• REQUIRED ACTION
From top to bottom, write out the listing exactly and skip every picture.
___ DATASET SECTION ___
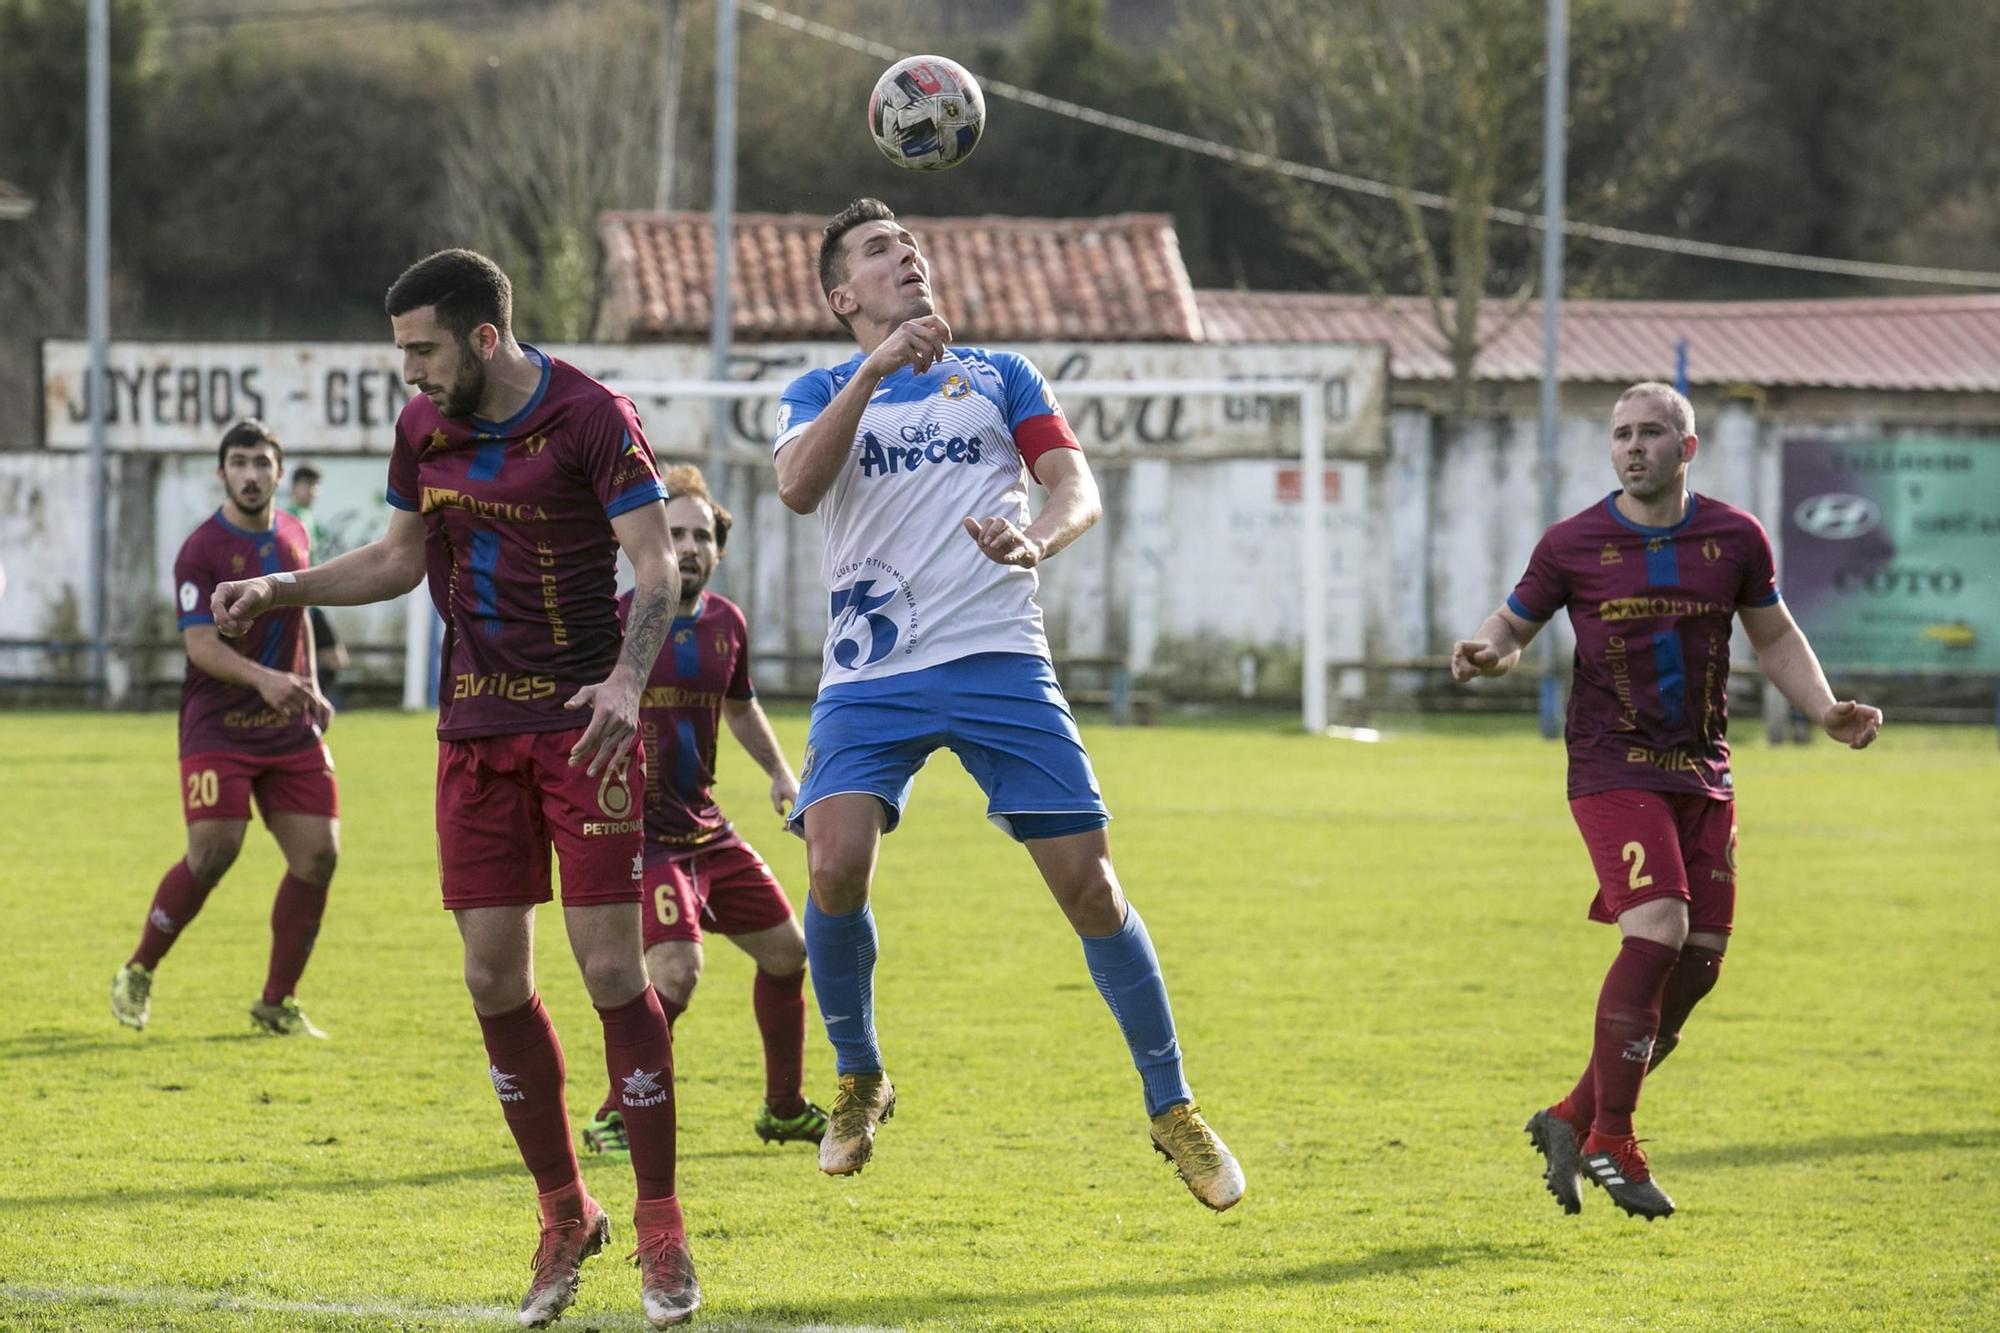 Las mejores imágenes de la jornada en la Tercera División de Asturias
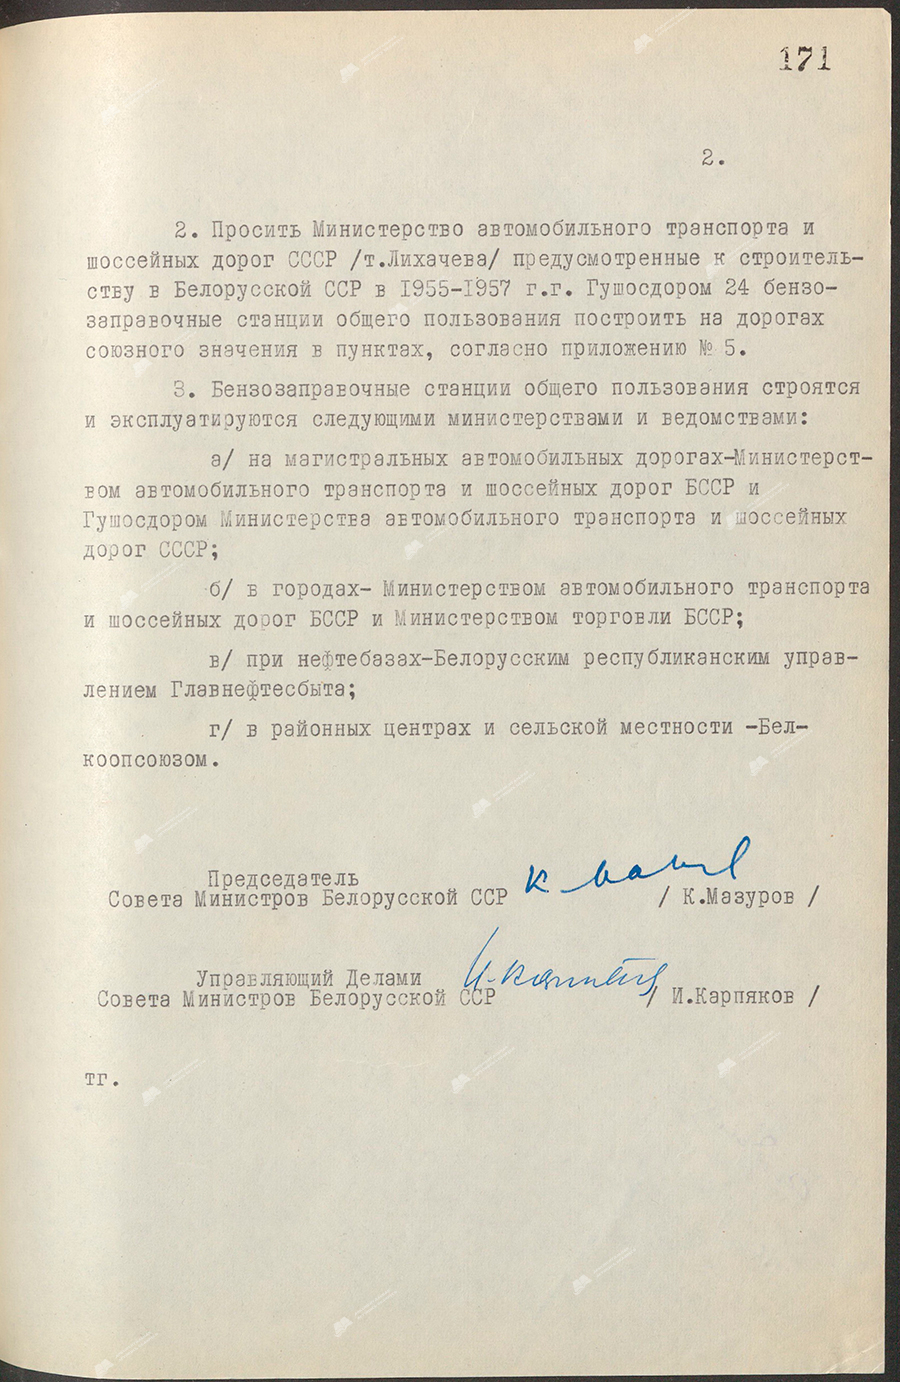 Beschluss Nr. 1021 des Ministerrats der Weißrussischen SSR «Über den Bau öffentlicher Gastankstellen in der Republik»-с. 1
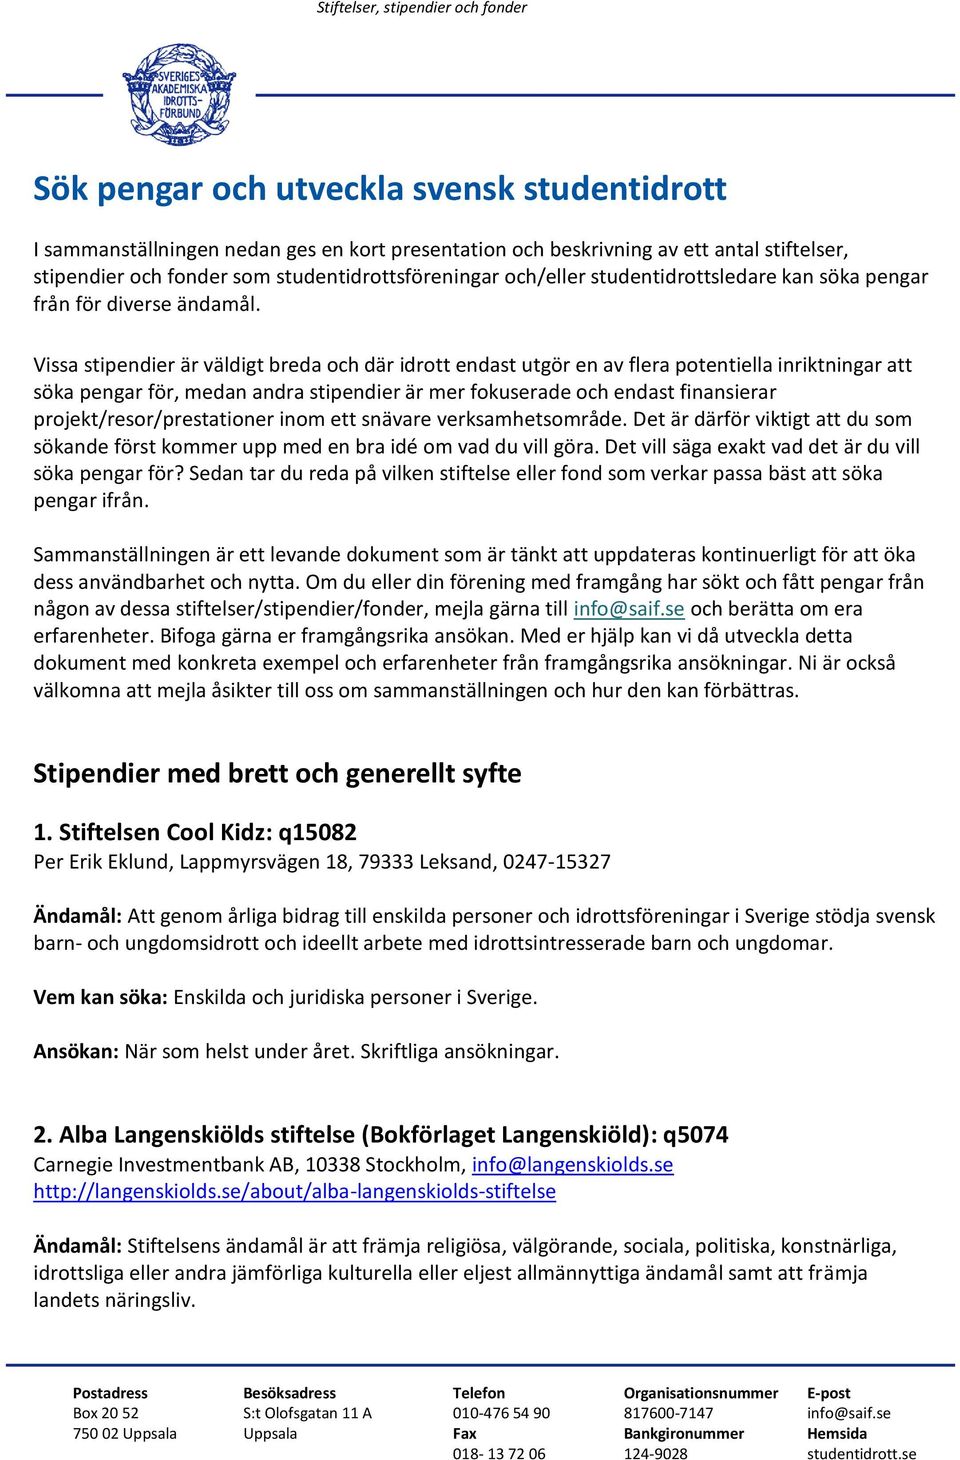 Sök pengar och utveckla svensk studentidrott - PDF Free Download
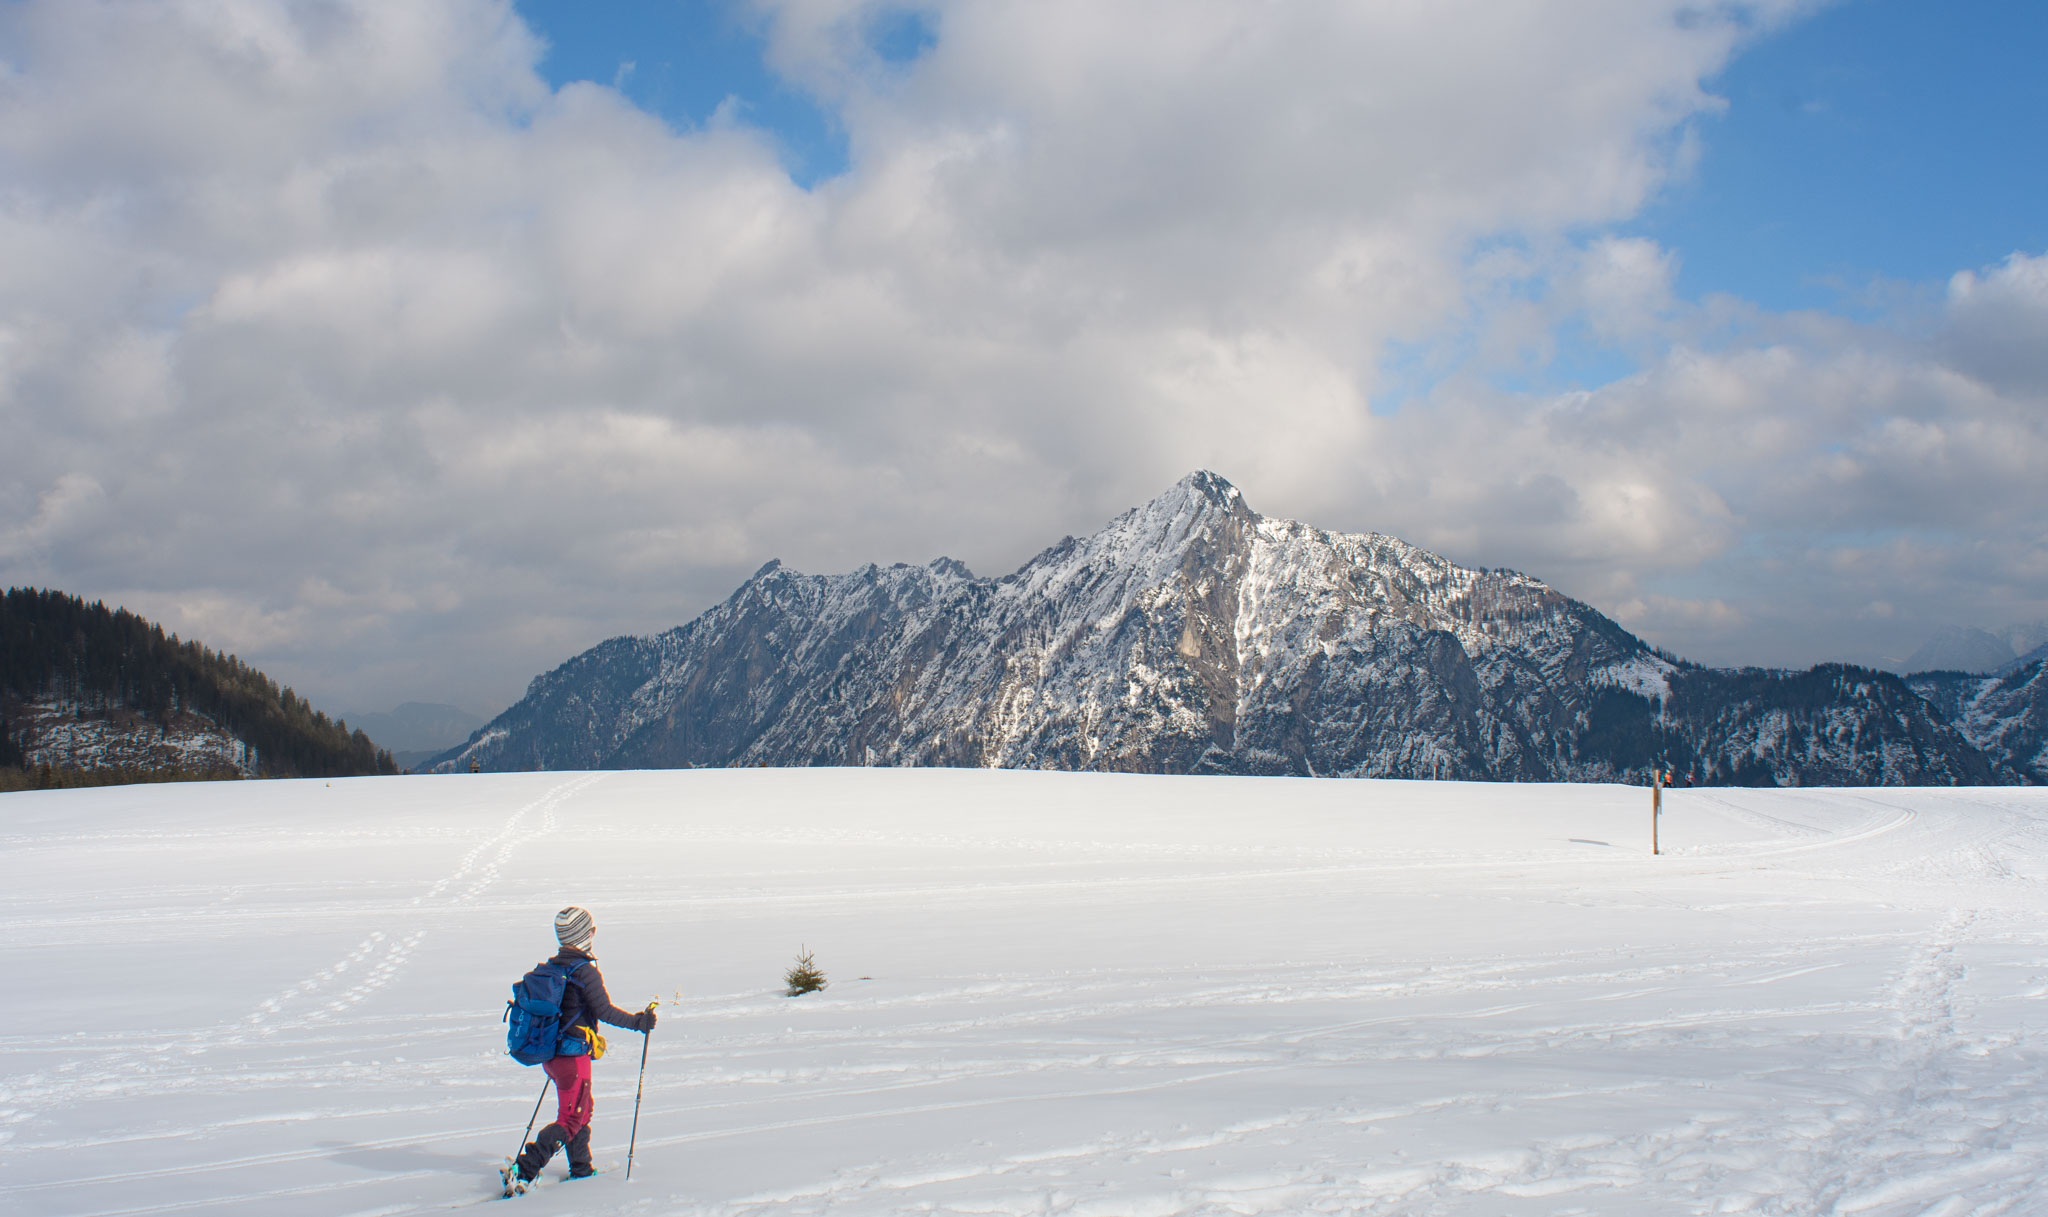 Maria beim Schneeschuhwanderung auf der Postalm, dem größten Almgebiet Österreichs
___
• REPLY
 Las mejores imágenes de la jornada en la Tercera División de Asturias
 Beschluss Nr. 1021 des Ministerrats der Weißrussischen SSR «Über den Bau öffentlicher Gastankstellen in der Republik»-с. 1
 Sök pengar och utveckla svensk studentidrott - PDF Free Download
 Maria beim Schneeschuhwanderung auf der Postalm, dem größten Almgebiet Österreichs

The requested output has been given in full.